$f(\alpha x) = f(x)^{\beta}$ under different constraints With $\alpha > 0,\, \beta \in \Bbb R^*,\, \alpha, \beta \neq 1$ and $f : \Bbb R \to \Bbb R_+^*$, let's consider the functional equation 
$$ f(\alpha x) = f(x)^{\beta} \tag{$\Xi$}$$ 
or equivalently $g(\alpha x) = \beta g(x)$ for $g = \ln f$.
The case where $\alpha = \sqrt2$, $\beta = 2$ and $f \in \mathcal C^2$ has already been solved here : Solving $(f(x))^2 = f(\sqrt{2}x)$ (the answer is $\exists \lambda\mid f(x) = e^{\lambda x^2}$).
What if we relax/change some of the constraints, for instance:


*

*Keeping $f$ regular (say $\mathcal C^{\infty}$) but setting $\alpha, \beta$ generic

*$f \in \mathcal C^0$

*$f \in L^1$

*(other ideas?)

 A: Summary at the bottom.

$$g(\alpha x)=\beta g(x)$$
$$\gamma = \frac{\ln |\beta|}{\ln\alpha}$$

If $\beta >0$, $\beta=\alpha^\gamma$ and $g(\alpha x)=\alpha ^\gamma g(x)$.
We define $h(x)$, for $x\neq 0$, as $h(x)= g(x)x^{-\gamma} $.
Then:
$$h(\alpha x)=g(\alpha x){\alpha^{-\gamma} x^{-\gamma}}=g(x){x^{-\gamma}}=h(x) $$
Now let $k_1(x)=h(\alpha^x)$ and $k_2(x)=h(-\alpha^x)$.
Then $k_1$ and $k_2$ can be any periodic functions, with a period of $1$.
Therefore:
$$
g(x)=\cases{x^\gamma k_1(\log_\alpha(x)) & if $x>0$ \cr x^\gamma k_2(\log_\alpha(-x)) & if $x<0$ }
$$

If $\beta<0$, $\beta=-\alpha^\gamma$. We use the same definition for $h$, $k_1$ and $k_2$, but now we have: $k_1(x+1)=-k_1(x)$ and $k_2(x+1)=-k_2(x)$.
So $k_1$ and $k_2$ can be any antiperiodic functions, with a period of $1$.
And:
$$g(x)=\cases{x^\gamma k_1(\log_\alpha(x)) & if $x>0$ \cr x^\gamma k_2(\log_\alpha(-x)) & if $x<0$ }$$

If $g \in \mathcal C^n$, then $k_1$, $k_2 \in \mathcal C^n$.
If $n\geq\gamma$, then in a neighborhood of $0^+$:
$$g(x)=\sum\limits_{k=0}^{n}\frac{g^{(k)}(0)}{k!}x^k + o(x^n)= x^\gamma k_1(\log_\alpha(x))$$
$$k_1(\log_\alpha(x))=\sum\limits_{k=0}^{n}\frac{g^{(k)}(0)}{k!}x^{k-\gamma} + o(x^{n-\gamma})$$
So $k_1(\log_\alpha(x))$ has a limit at $0^+$ (which could be infinite), so $k_1$ has a limit at $-\infty$. So it must be a constant (since it is periodic of period at most $2$).

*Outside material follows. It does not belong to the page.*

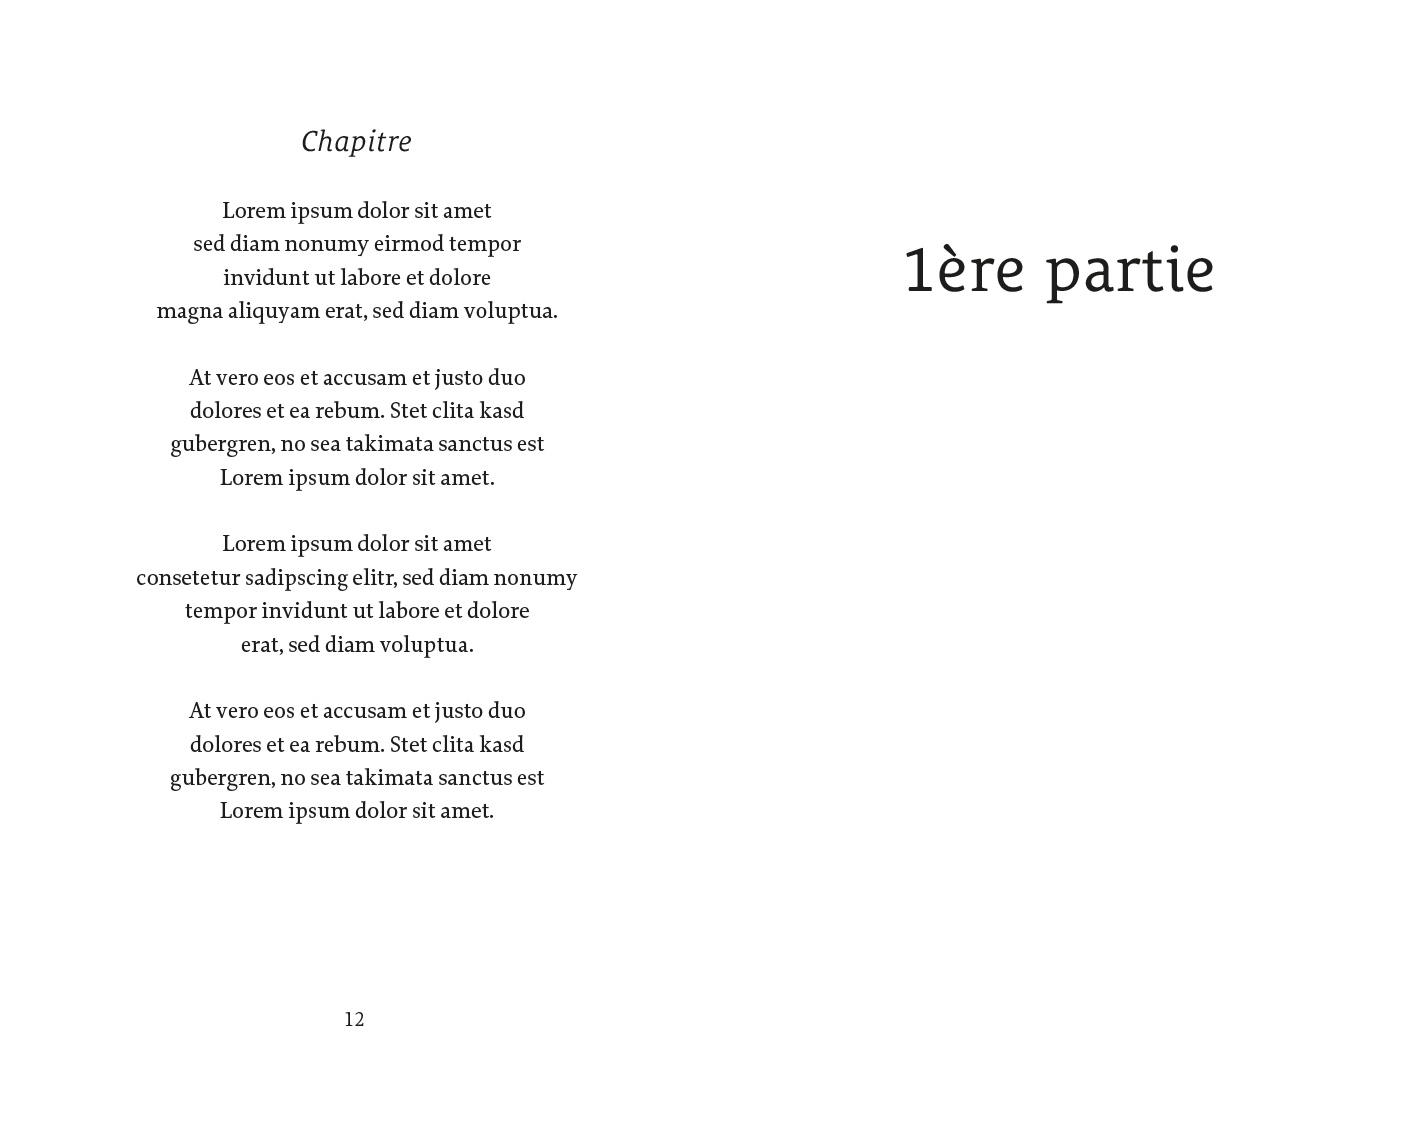 Exemple d'une mise en page de poésie classique version simple

We can use the same reasoning for $k_2$. So
$g(x)=\cases{c_1x^\gamma & \text{if } x>0 \cr c_2x^\gamma & \text{if } x<0 } $
Therefore, all the derivatives of $g$ at $0$ of order smaller than $\gamma$ are $0$, and if $n>\gamma$, then $g$ is not $p=\lceil \gamma\rceil$ times differentiable near $0$. So $\gamma = n$ and $c_1=c_2$.

To sum it up:
In general:
$$g(x)=\cases{x^\gamma k_1(\log_\alpha(x)) & if $x>0$ \cr x^\gamma k_2(\log_\alpha(-x)) & if $x<0$ } $$
Where $k_1$ and $k_2$ are two periodic (if $\beta>0$) or antiperiodic (if $\beta<0$) functions, of period $1$.
If $g\in\mathcal C^{n}$, so are $k_1$ and $k_2$. And if $n\geq\gamma$, $n = \gamma$, and $g(x)=\lambda x^n$.
If there are any mistakes, please let me know.
A: Assume $f$ (and $g$) is $\mathcal C^{\infty}$ (we will see that $\mathcal C^p$ with $p$ large enough is sufficient to get the same result). 
Derivating the equality $g(\alpha x) = \beta g(x)$ $k$ times gives $\alpha^k g^{(k)}(\alpha x) = \beta g^{(k)}(x)$.
Let's assume first that $\alpha, \beta > 1$. 
Replacing $x$ by $(x/\alpha)$ $n$ times in the last equality yields 
$$g^{(k)}(x) = 
\frac{\beta}{\alpha^k}g^{(k)}\left(\frac x{\alpha}\right) = 
\ldots = 
\left(\frac{\beta}{\alpha^k}\right)^n g^{(k)}\left(\frac x{\alpha^n}\right) \tag{$\phi$}$$
Now let's pick $k = \left\lceil \frac{\ln \beta}{\ln \alpha} \right\rceil$ so that $\left|\frac{\beta}{\alpha^k}\right| \le 1$ and $\frac{\beta}{\alpha^{k-1}} > 1$. 
Since $g^{(k)}$ is continuous in $0$, taking the limit in $(\phi)$ when $n \to \infty$ commands $g^{(k)}(x) = 0$ for all $x$. So $g$ must be a polynomial of degree $\le k$. 
If we replace $k$ with $p \le k-1$ in $(\phi)$, the limit when $n \to \infty$ now commands $g^{(p)}(0) = 0$ since $\frac{\beta}{\alpha^{p}} \ge \frac{\beta}{\alpha^{k-1}} > 1$. That implies that $g(x)$ is of the form $g(x) = \lambda x^k$. But $g(\alpha x) = \lambda \alpha^k x^k= \beta g(x) = \beta \lambda x^k$ forces $\beta = \alpha^k$.
Now if we assume $\alpha, \beta < 1$, it is obvious that $(\Xi)$ is equivalent to $g(\tfrac1{\alpha}x) = \tfrac1{\beta}g(x)$ and since $\tfrac1{\alpha}, \tfrac1{\beta} >1$, we are back in the former case.
Wrap-up: if $\alpha, \beta>1$ or $\alpha, \beta<1$, noting $k = \frac{\ln \beta}{\ln \alpha}$, $(\Xi)$ only has $\mathcal C^{\lceil k \rceil}$ solutions if $k \in \Bbb N$ and in this case the solutions are of the form $f(x) = e^{\lambda x^k}$.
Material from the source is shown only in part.